Moreover, within Israel, Oslo was opposed by the very social forces unleashed by the expansion of Israel—the settlers and ultra-religious as well as Sharon, Netanyahu and the Likud. On their insistence, the settlements were expanded.
The collapse of the Oslo framework, the subsequent Intifada uprising in September 2000, the cost of the military suppression of the Palestinians—currently costing $1.4 billion a year—and the continued expansion of the settlements were an unmitigated disaster for Zionist capital and the Labour party. Israel plunged into its deepest ever recession as tourism, its key foreign currency earner and employer, and foreign investment plummeted.
The Greater Israel policy—the expansion of the settlements and the murderous war against the Palestinians—came at a huge cost to the Israeli working class. Firstly, Sharon appointed former International Monetary Fund staffer, Stanley Fischer, to head Israel’s central bank and his arch rival, Netanyahu, to take over at the Finance Ministry. Together they introduced a raft of market “reforms”:
* privatisations
* opening up Israel’s banking system to competition
* cuts in social benefits such as unemployment, child and insurance benefits, and income assistance
* freezing of benefit levels which are to be linked to the consumer price index, not wages, from 2006
* raising the pension age
* cuts in corporate taxes and income taxes for the rich
* anti-trade union laws, restrictions on the right to strike and a ban on strikes in the public sector.
All this was aimed less at reducing the government deficit than undermining social security and creating “labour market flexibility”. Expenditure on the armed forces and settlements, including the roads and infrastructure, increased. These measures have brought unremitting misery, unemployment and poverty to increasing numbers of workers and their families.
The price for US support for Sharon’s land grab—including the extra land seized by the security wall, even if it was not as large as he would have liked—was that Sharon had to be seen to make some minor concession to the Palestinians. Hence Sharon’s unilateral “disengagement” from Gaza—in the teeth of opposition from the ultranationalists and religious forces—for which he was re-branded by the international media as a “peacemaker”.

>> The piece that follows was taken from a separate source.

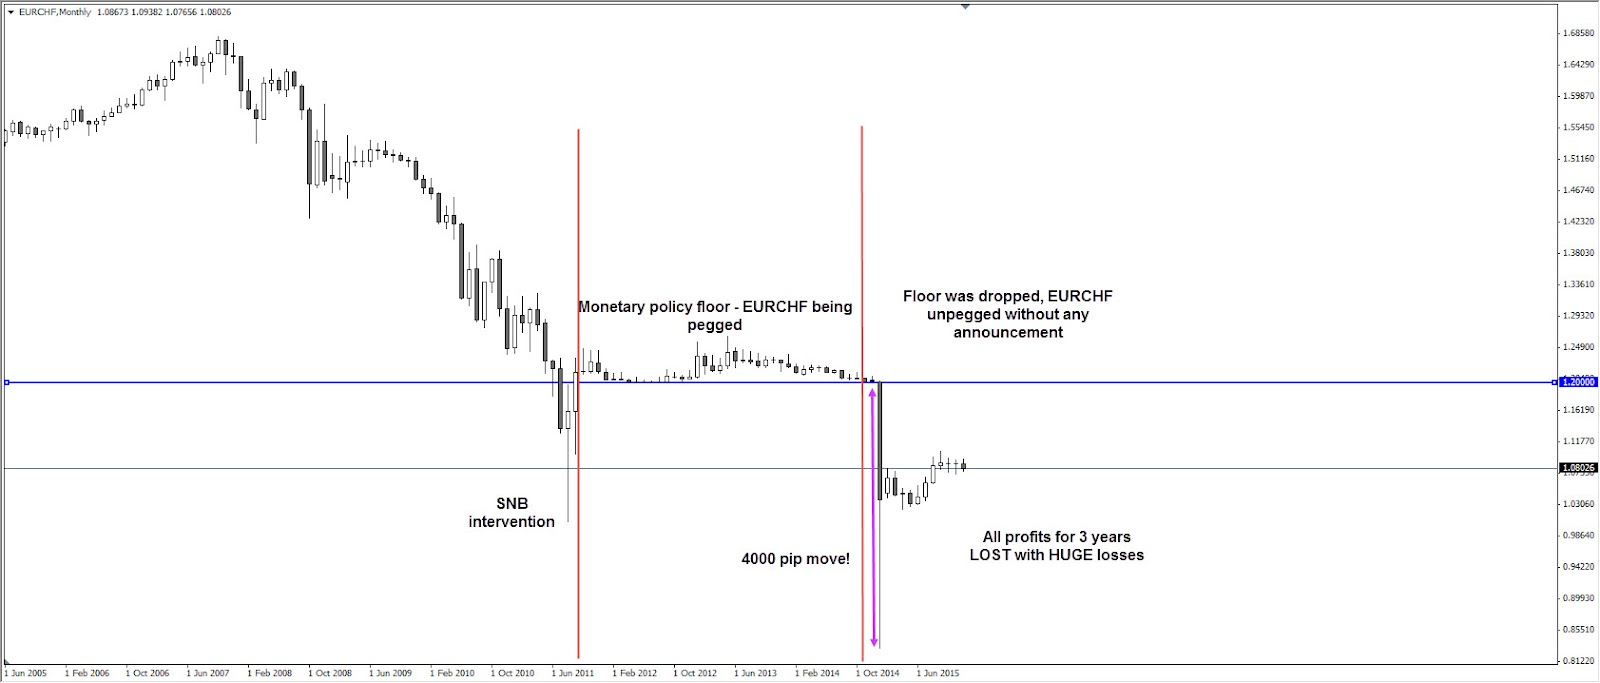 Vox day trading strategies

In reality and from an economic perspective, the pull-out is part of a drive to deepen the isolation of the Palestinians and ensure their absolute separation from Israel in a glorified militarised ghetto. Exports from Gaza have fallen by half. Sharon intended to massively curtail the use of Palestinian labour within Israel. This must in turn lead to further attacks on Israeli wages and social conditions if Israel is to compete in the world market.
As a result of all these factors—a small unviable and autarkic economy, the failure of the economic perspective that underpinned Oslo, the uprising, the military and settlement costs, cheap foreign labour, unemployment and the gutting of social welfare—Israeli workers and their families have seen their living standards plummet. The Zionist dream of a national home for the Jews and escape from oppression and persecution within Israel has turned into its opposite.